APTi Ethical Standards: Additional Guidelines for Type Practitioners

11. Clearly identify the assessment tool, survey or method being used and how it is different from other frameworks.

Psychological type frameworks and their associated assessments are different from most personality models and instruments used by psychologists and organizational consultants. Psychological type is not based on traits.

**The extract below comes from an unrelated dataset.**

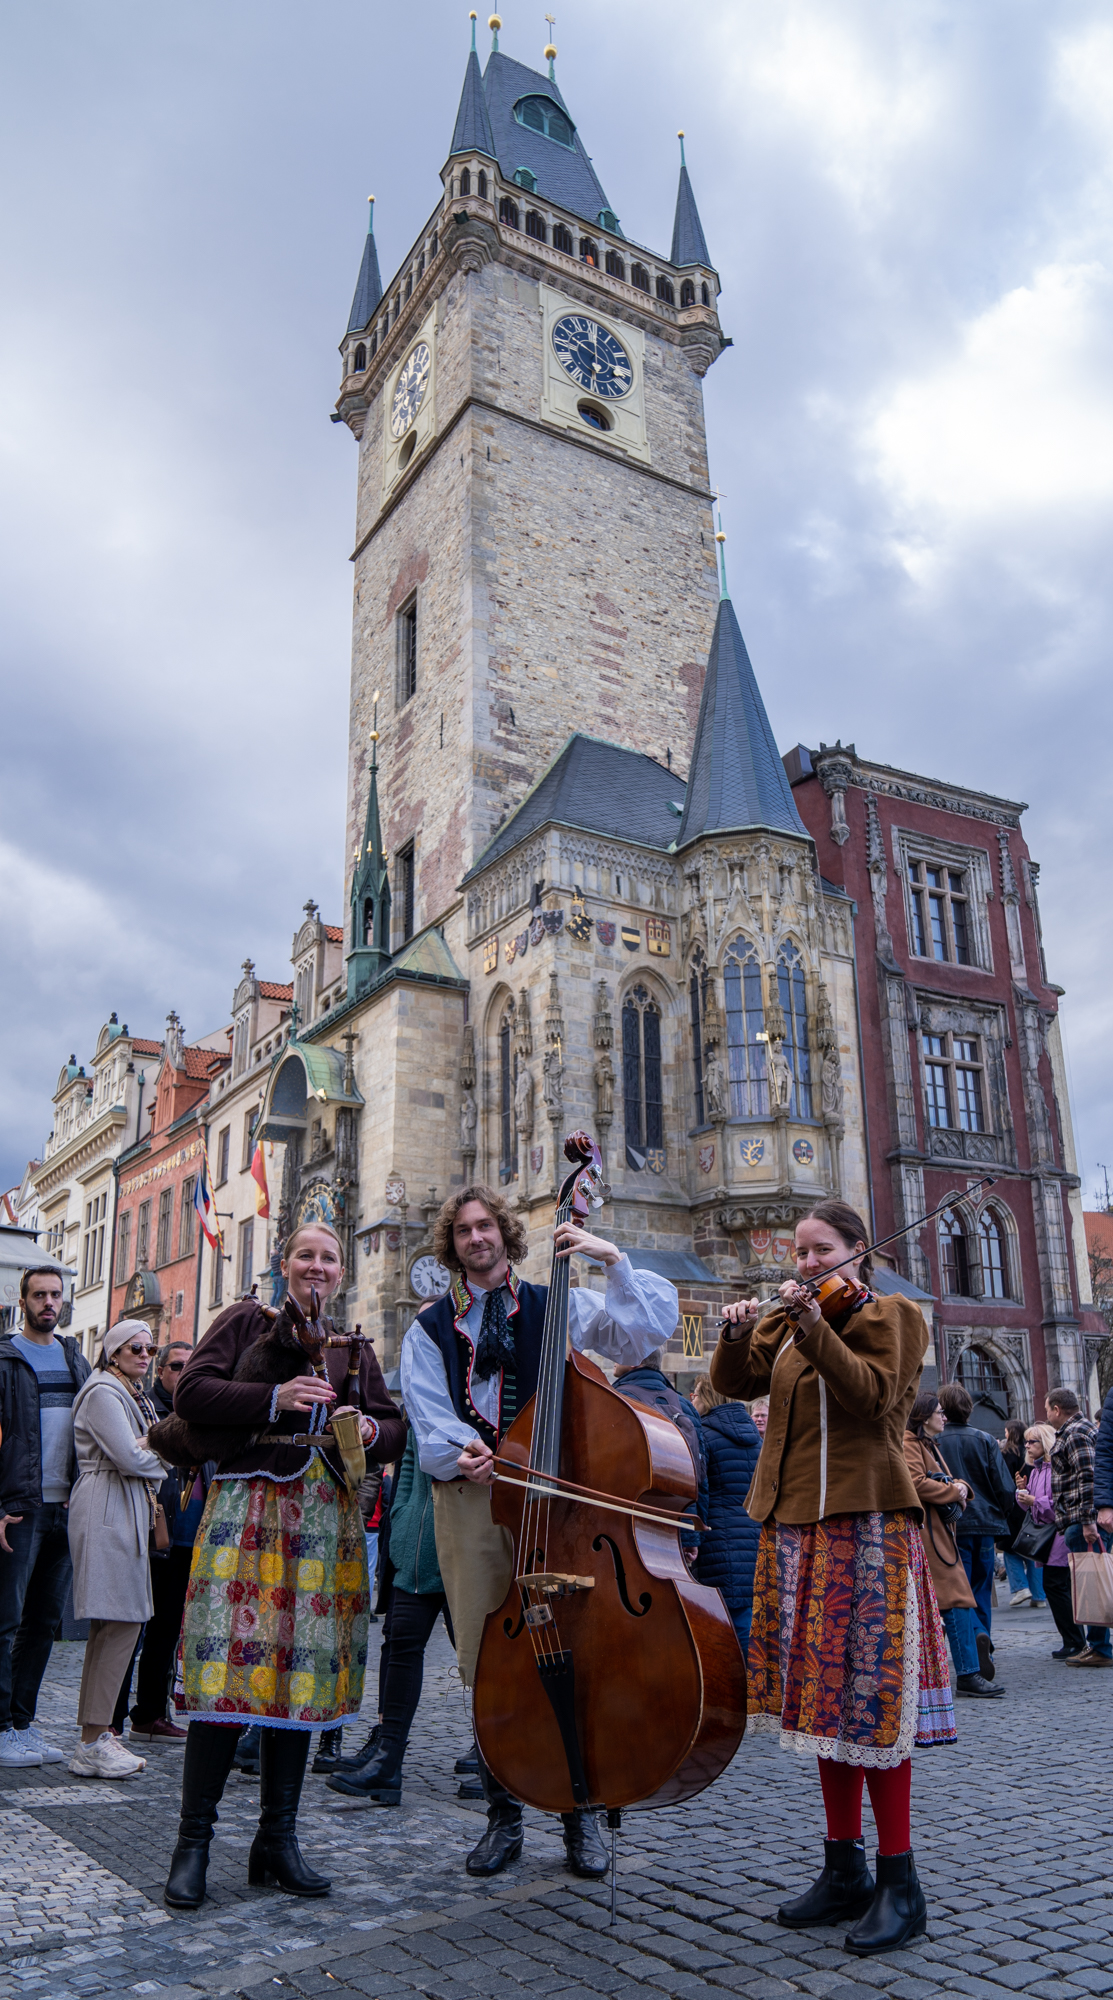 Oslava Velikonoc přinese do centra Prahy tradice a podpoří důraz na ekologii

This fact generates much confusion.

Most personality assessments are designed to measure traits - behavioral characteristics that are assumed to be a part of everyone’s makeup but which vary in amount. A high score indicates the strong presence of a trait, and a low score indicates a lack of the trait; if the trait is considered a good thing to have, then a low score may be labeled as a deficit. In this perspective, personality differences among people are explained as differences in the amounts of different traits. The trait model is concerned with answering the question, “How much?” Because amounts are important for understanding personality, the numerical scores on these assessments are the focus for interpreting results.

Psychological type is based on different ways that people use their minds to experience and respond to life, specifically, different dynamic patterns in their use of the mental processes involved in perception and judgment. Personality differences among people are explained as differences in which pattern people favor most; type categories are seen simply as different approaches to life, with none being better or worse than the others. Type assessments are designed to identify which pattern is an individual’s best fit, that is, to answer the question, “Which one?” Numerical scores indicate how probable it is that a certain pattern is the one a person favors. (With some instruments, scores can also indicate variations of functioning within a type pattern; however, identifying the Best-Fit category is still primary). Finding the best fit necessarily requires that the person verify whether the indicated pattern actually does fit, or whether a different pattern describes them better; this is the focus of interpreting type instrument results.

Type patterns – preferences, Myers-Briggs types, temperaments, interaction styles, function-attitudes, etc. – are dynamic and complex. They cannot be boiled down to simple traits or sets of traits. However, type patterns are expressed in associated behavioral traits. In other words, types are not the same as traits, but traits correlate with particular type patterns. Traits and behaviors can be an indication of a type pattern, but they do not define it.

When people don’t understand the actual meaning of MBTI® and other psychological type assessment scores, and when they treat type categories as though they were a set of traits, they can make some mistaken assumptions. They may think there are “normal” or “good” scores, or they might assume that they should be “more balanced” between opposite attributes. This can lead to people attempting to suppress their type.